SOURCE DATA:
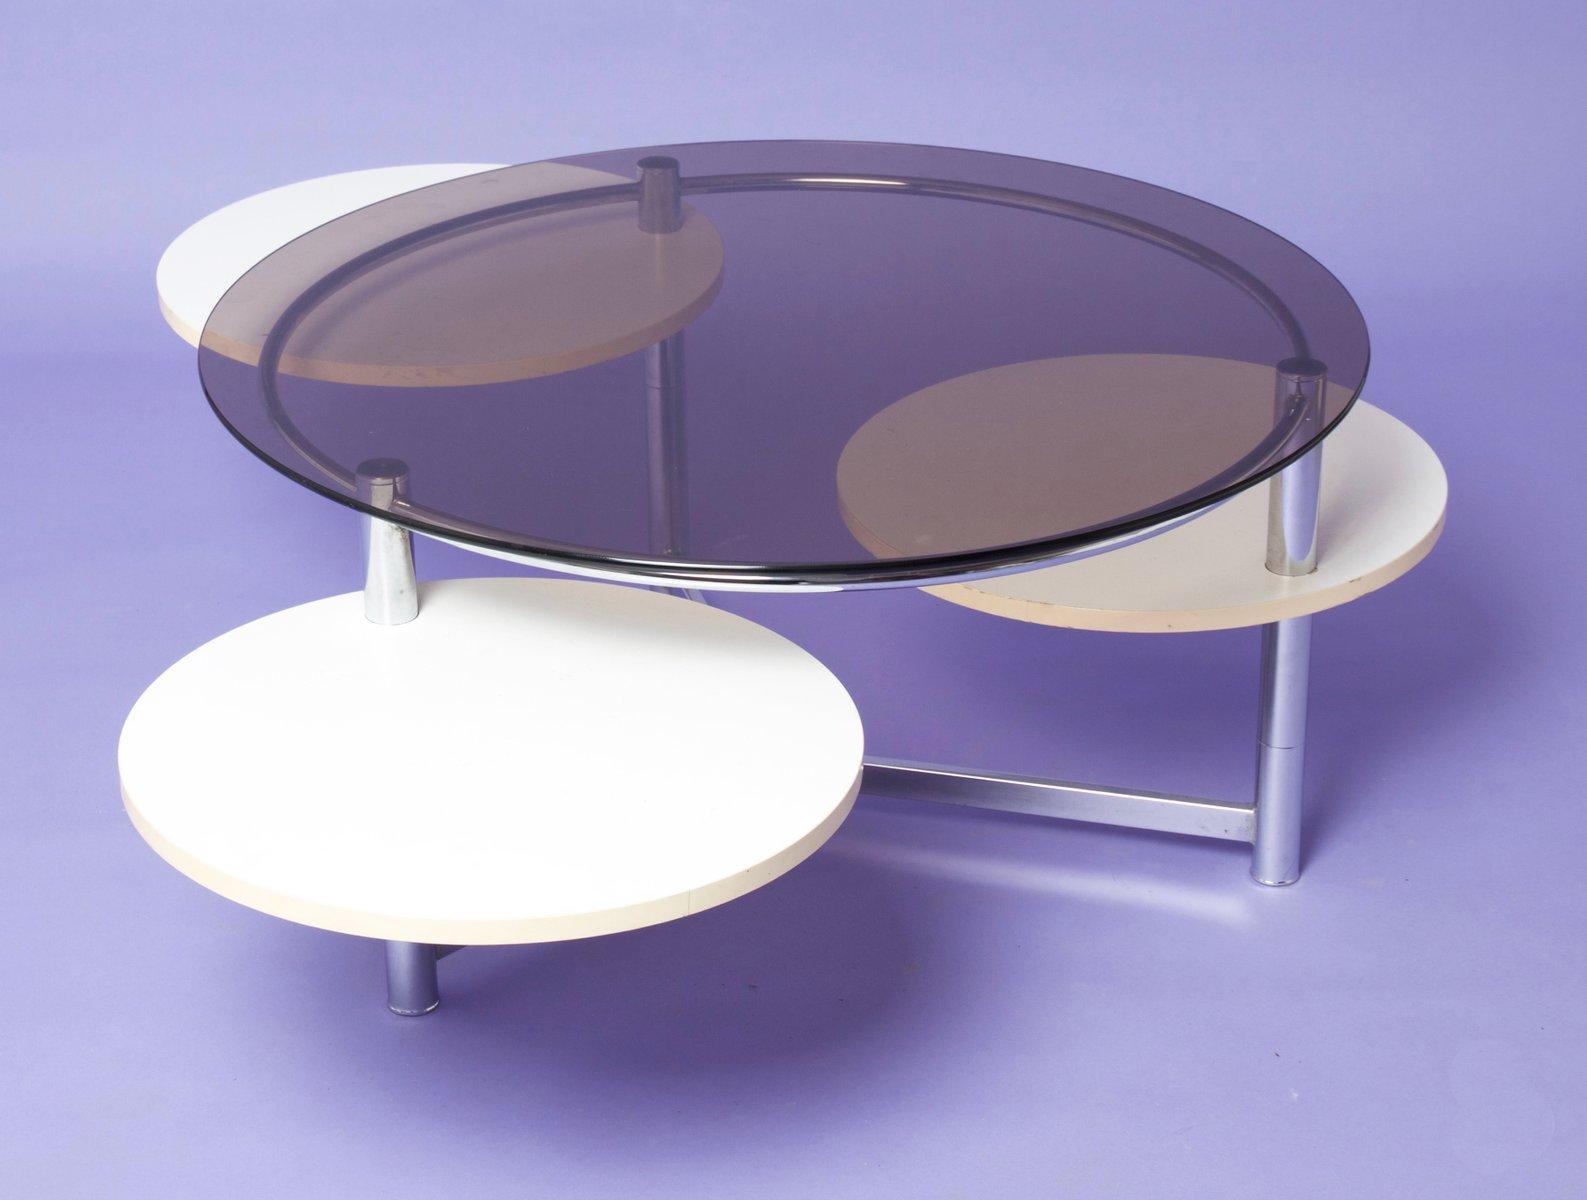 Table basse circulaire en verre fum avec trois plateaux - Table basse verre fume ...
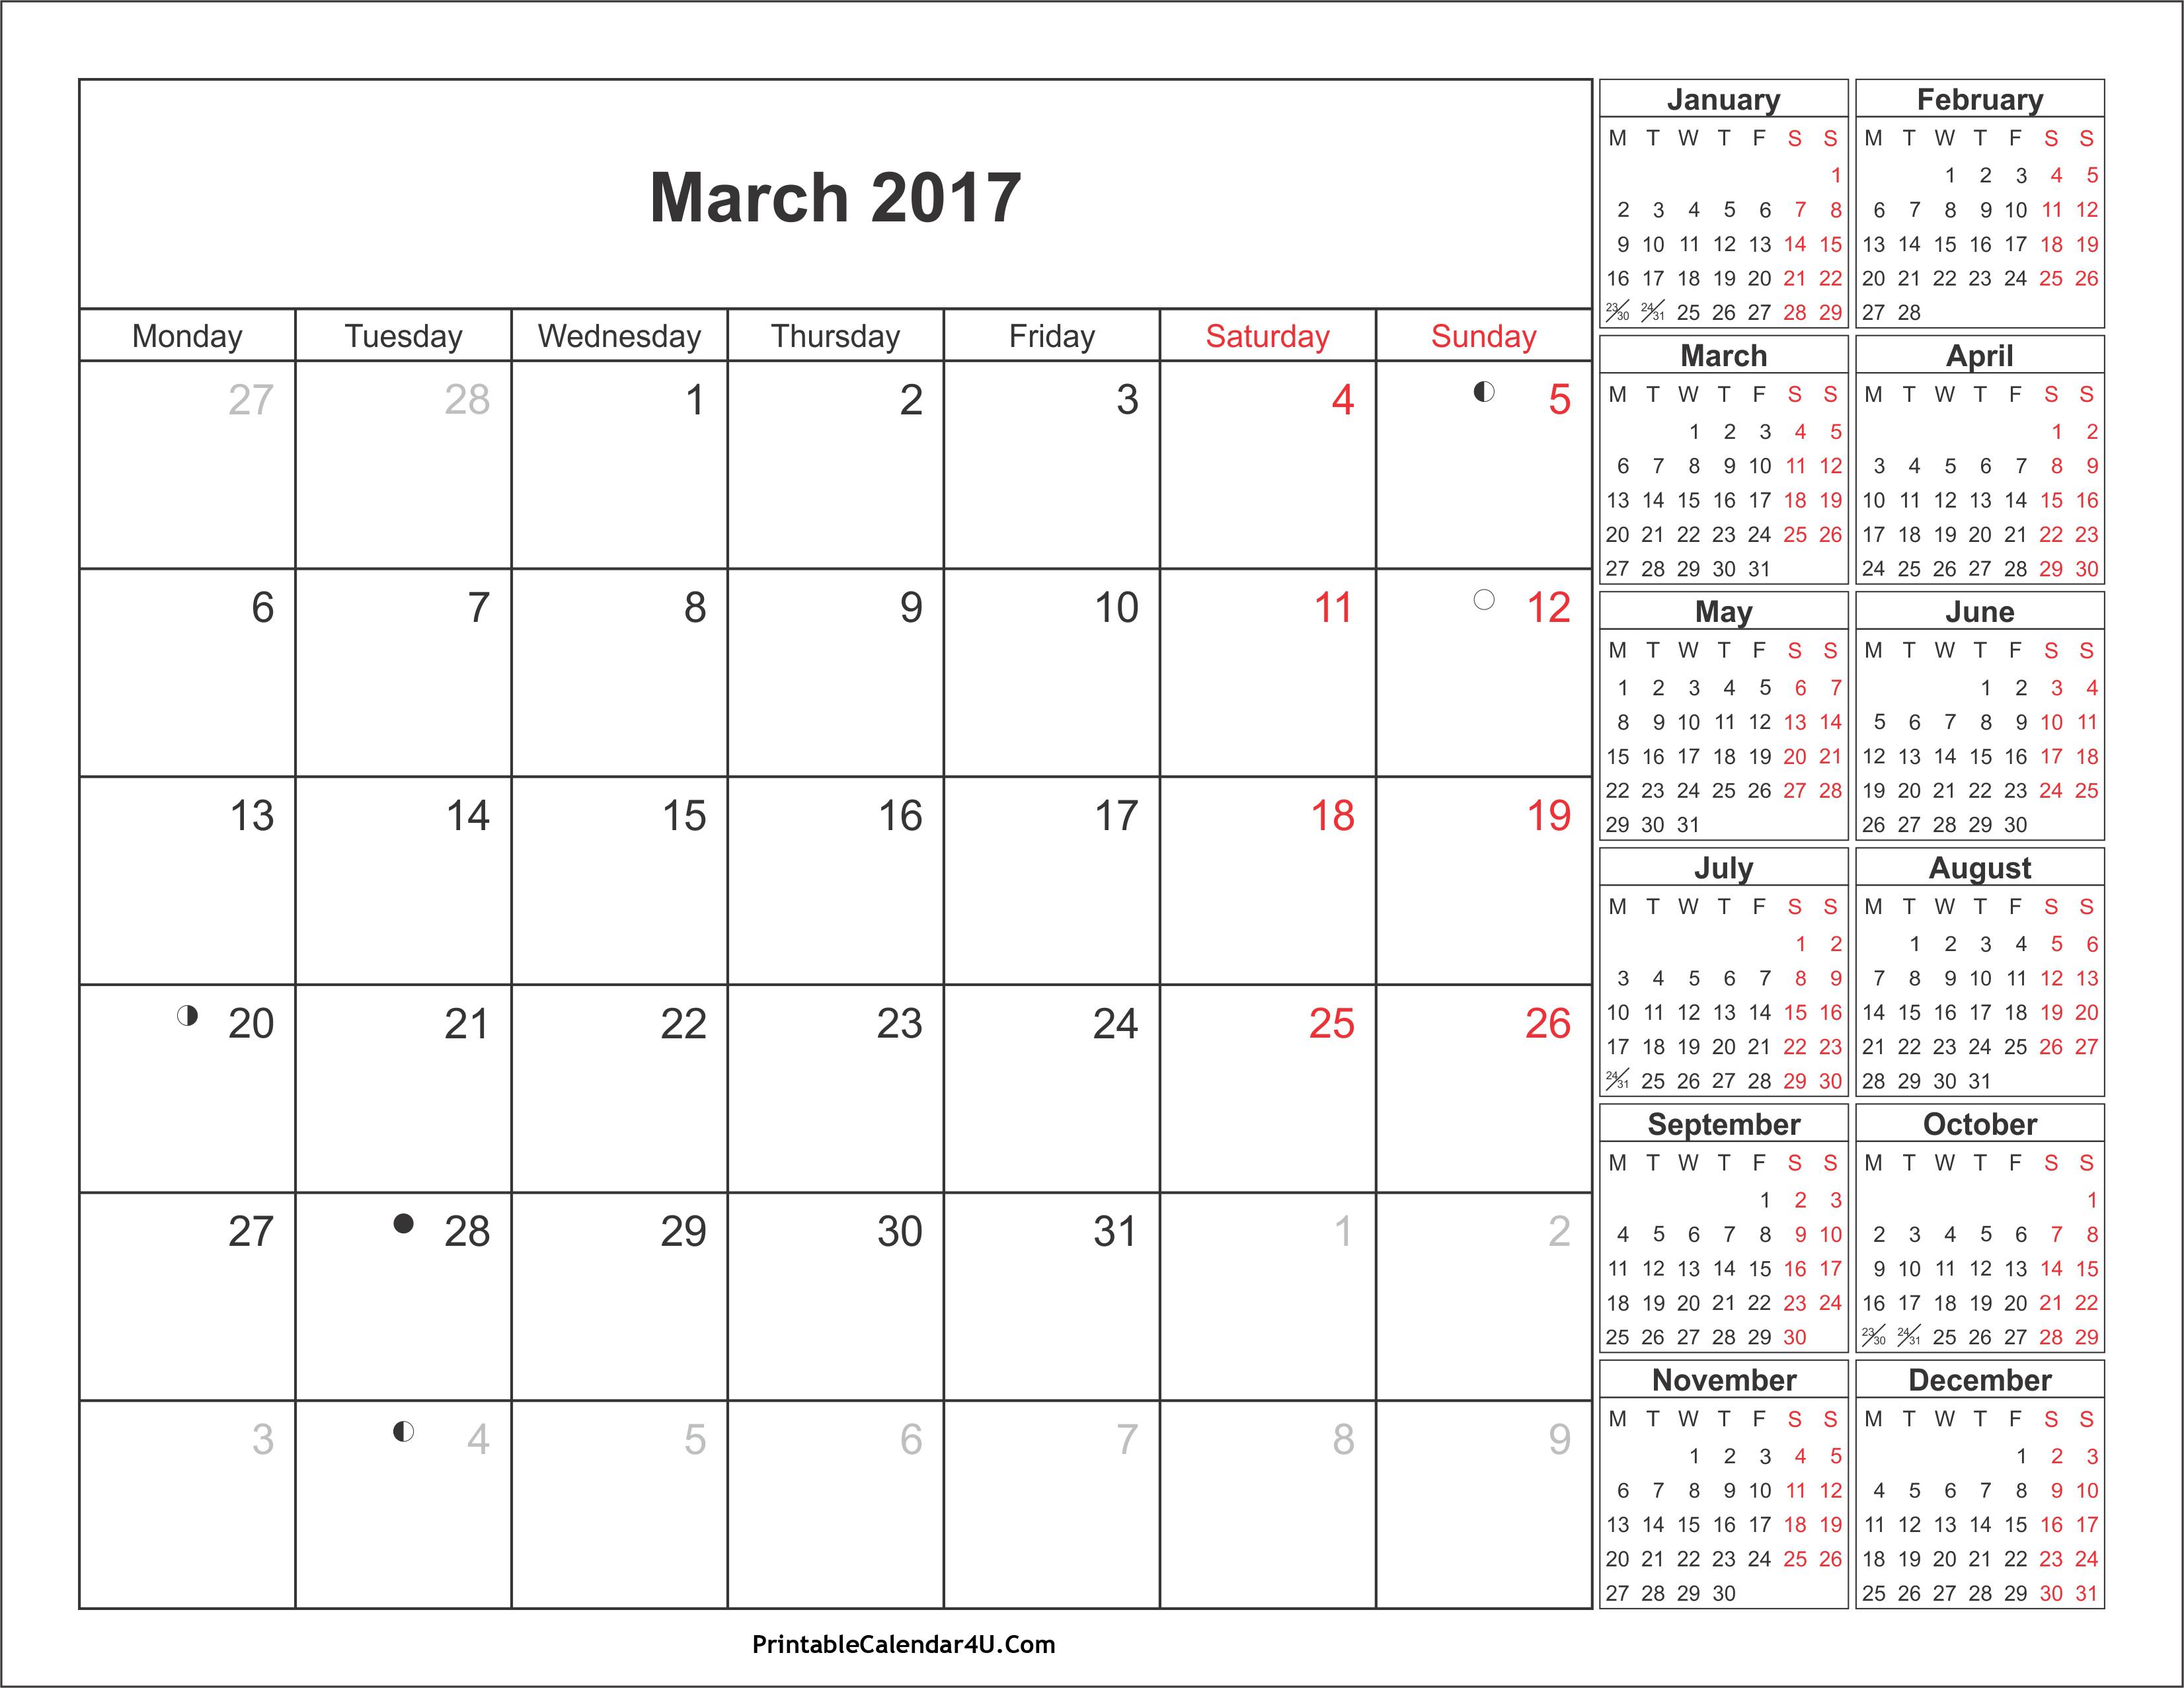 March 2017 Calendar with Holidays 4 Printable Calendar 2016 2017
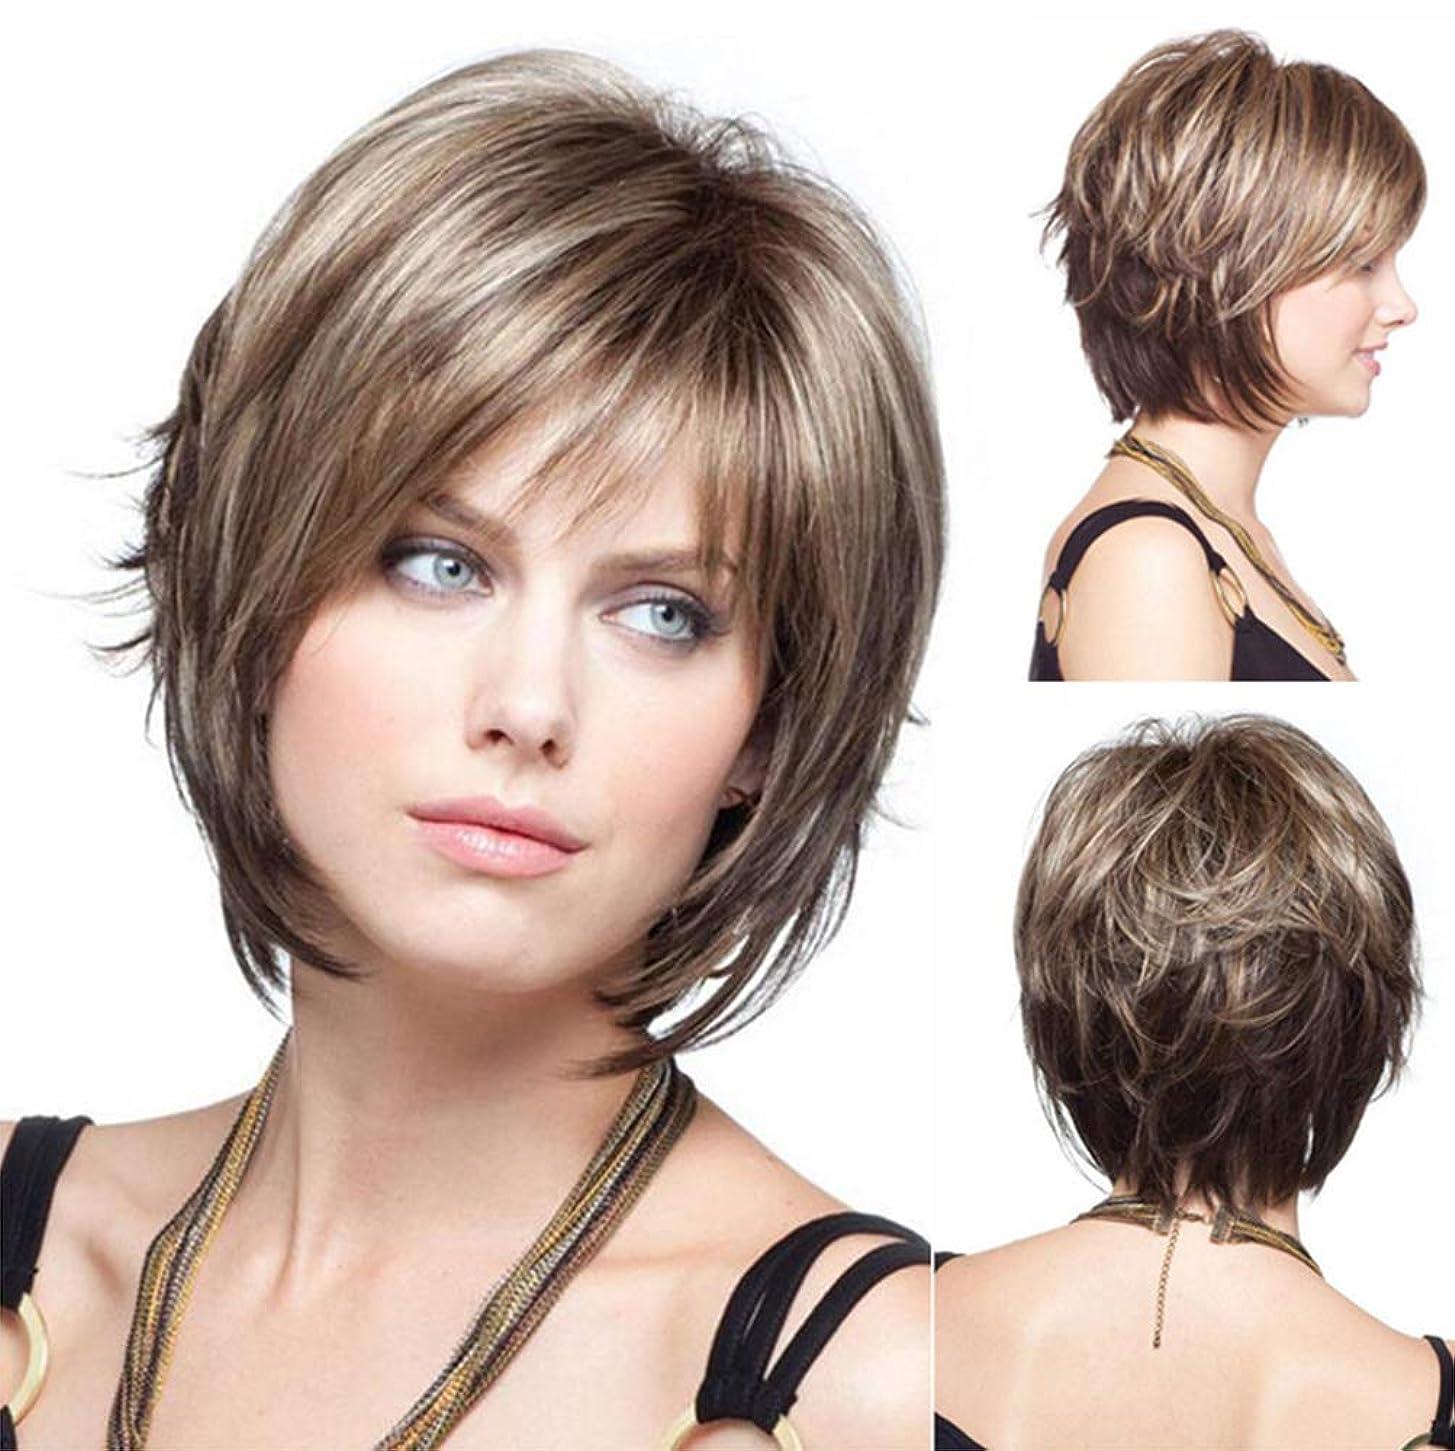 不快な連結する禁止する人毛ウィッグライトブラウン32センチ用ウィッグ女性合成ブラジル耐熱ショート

YOUR ASSIGNMENT:
Quote the listing above in full, except for the pictures.

EXERCISE RESULT:
 Table basse circulaire en verre fum avec trois plateaux - Table basse verre fume ...
 March 2017 Calendar with Holidays 4 Printable Calendar 2016 2017
 不快な連結する禁止する人毛ウィッグライトブラウン32センチ用ウィッグ女性合成ブラジル耐熱ショート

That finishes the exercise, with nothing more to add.